Rainbow flags, acknowledgement of June as Pride Month, adding pronouns to your email signatures. These have all been symbols to denote that organizations observe (or at least want you to think they observe) the legitimacy of queer identities. Organizations, especially those that are community facing, appear to work very hard to signal a welcoming culture to clients and customers. Your organization may sponsor the local Pride gala, or have a LGBTQ+ internal affinity group, or maybe host a “LGBTQ+ 101” workshop as professional development to ensure everyone is open to new perspectives, on the surface fostering an inclusive culture. Often, I write about topics from the standpoint of a professional of color, but today on National Coming Out Day, on this post I am leaning into my intersectional Black queer identity when I say, WE see right through all the surface level efforts. Yes – your donations, special interest funds, affinity groups, and pronoun signatures cannot mask the underlying culture of intolerance your organization has.

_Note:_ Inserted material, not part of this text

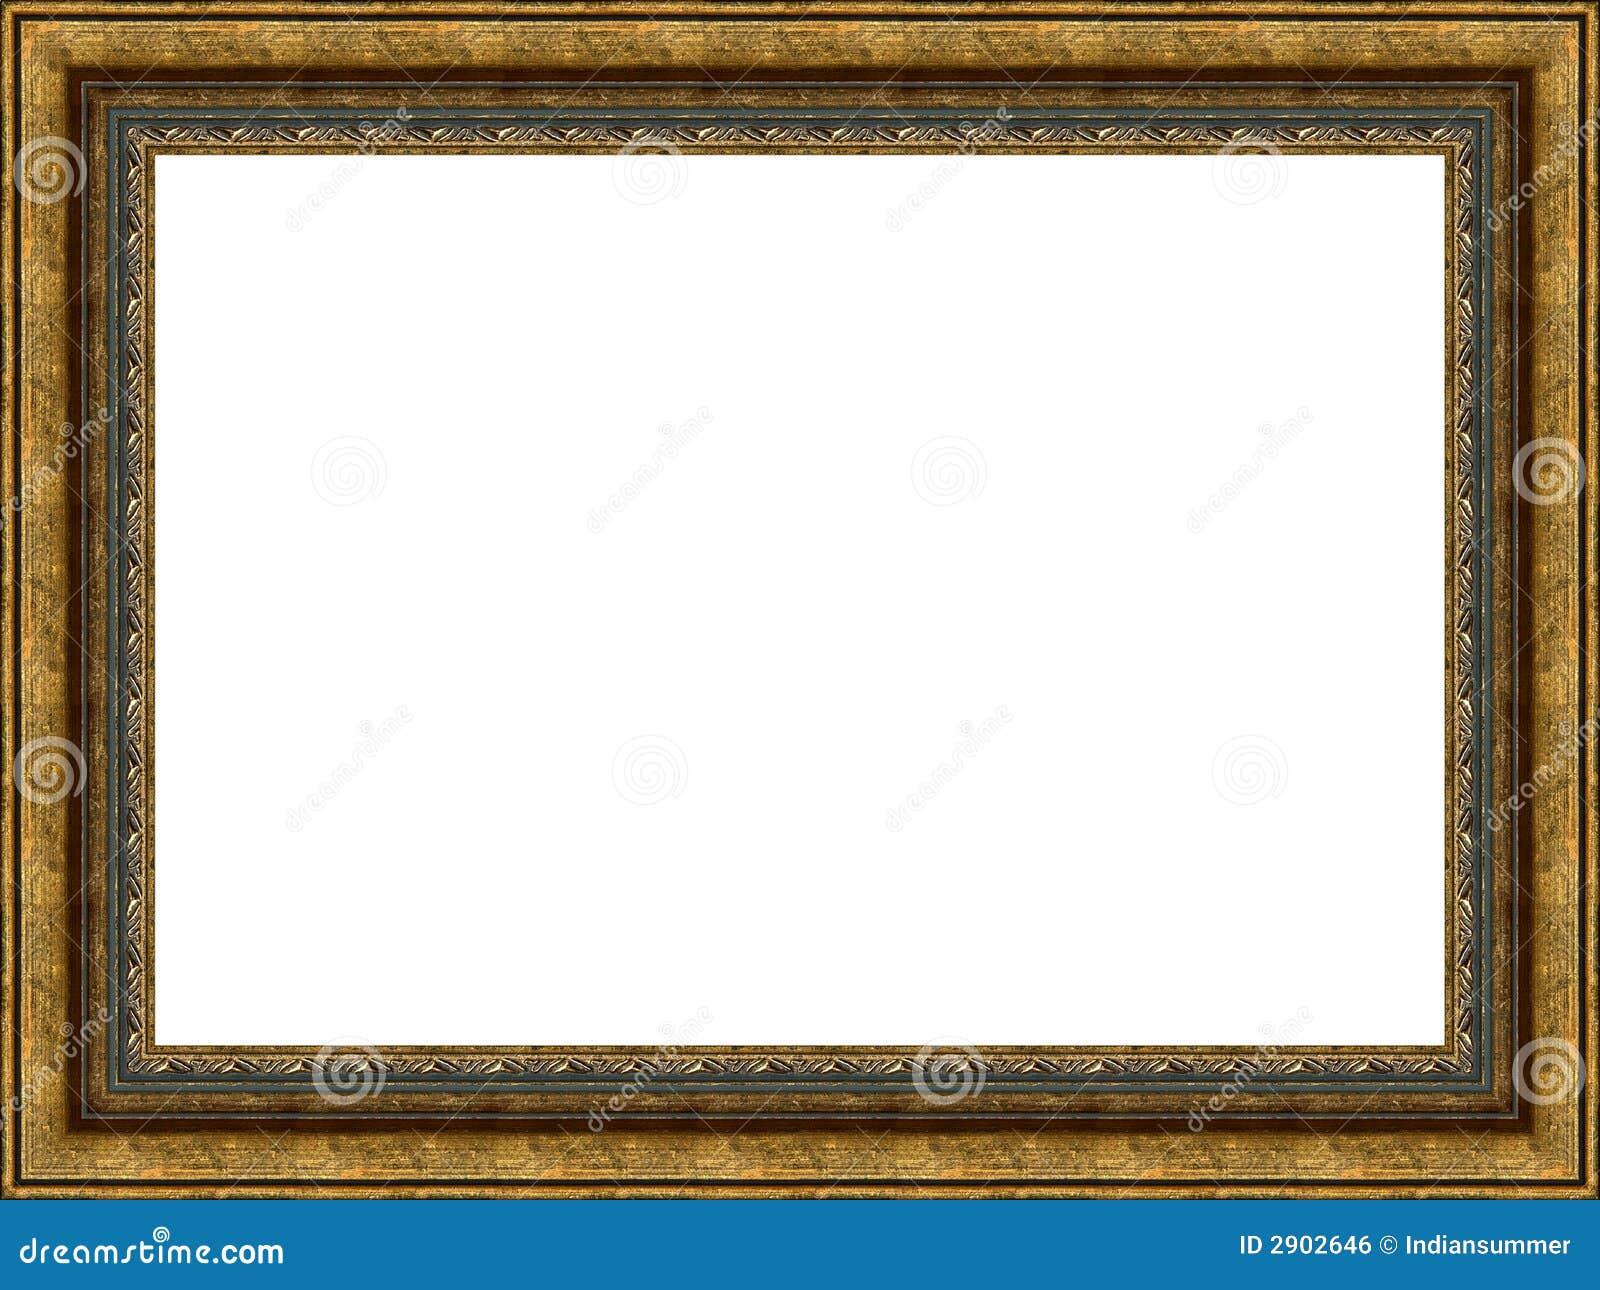 Old Fashioned Photo Frames Photoshop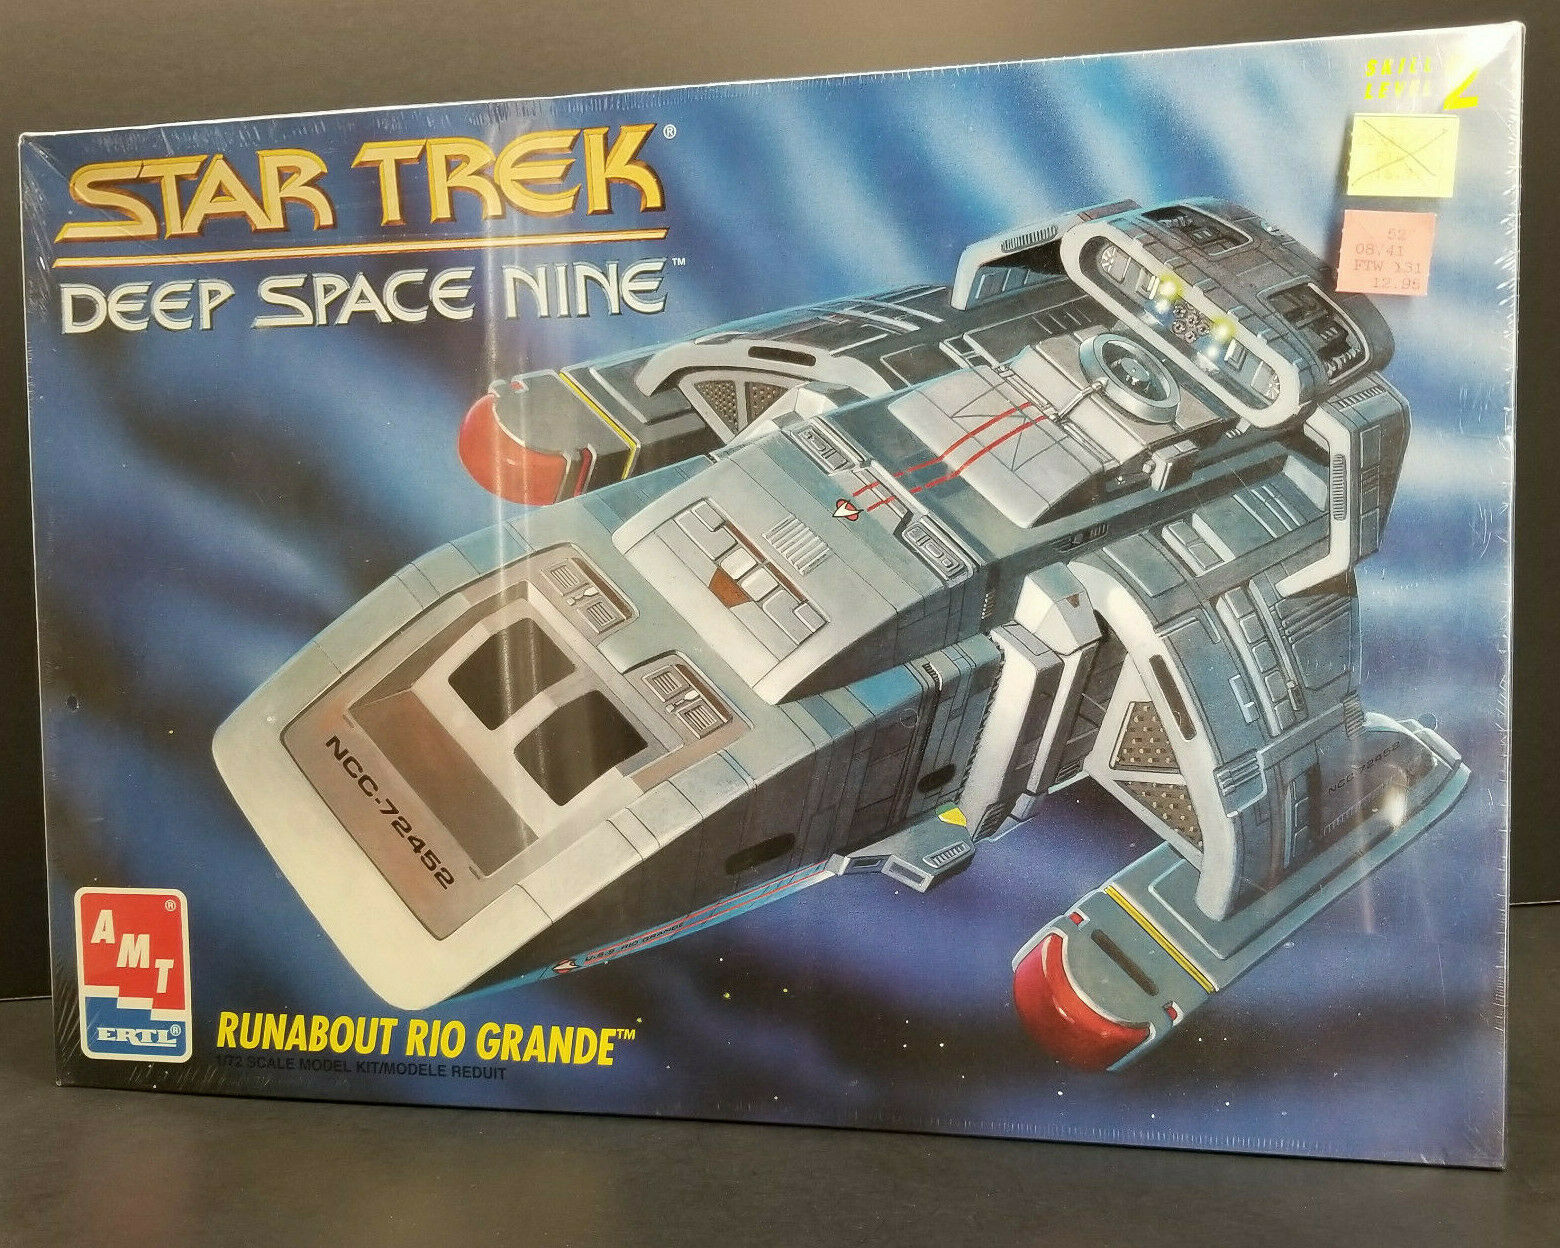 Runabout Rio Grande Star Trek Deep Space Nine AMT Model Kit 1993 Mint in Sealed

Don’t believe me? You should.


Over the past few years as DEI policies and education standards have been stripped away, so too have been rights and policies protecting LGBTQ+ individuals in the workplace. It is not uncommon for a Queer professional to experience microaggressions from “inclusive” organizations or to experience a latent form of gaslighting that has the employee wondering “am I crazy”, “did I make this up?” “Is this really happening?” or my personal favorite “be f’in for real” *rolls eyes*. Even when an organization is committed to diversity, equity, and inclusion in policy and behavior, Queer professionals are not safe from moments when colleagues feel threatened by these same initiatives and launch dangerous assaults (verbally, physically, and ideologically) in a place that presents as safe.


Not too long ago I recall a situation in my professional career where there was a workshop devoted to understanding pronouns to roll out a new initiative of all employees including them in their email signatures. About an hour after the workshop, there was a very aggressive complaint from a mid-level employee regarding that he “didn’t believe in pronouns” and that he was “refusing” to include them in his signature. After an intense word battle with his supervisor, he came back the next morning and launched a homophobic tirade on senior leadership and announced his resignation. Before you ask – yes, yes, he was who you’re picturing (a caricature of Ned Flanders from the Simpsons if you will) but despite a good thing that this organization was attempting to accomplish, the hurt feelings, fear, and defiance of this employee directly harmed leaders and colleagues.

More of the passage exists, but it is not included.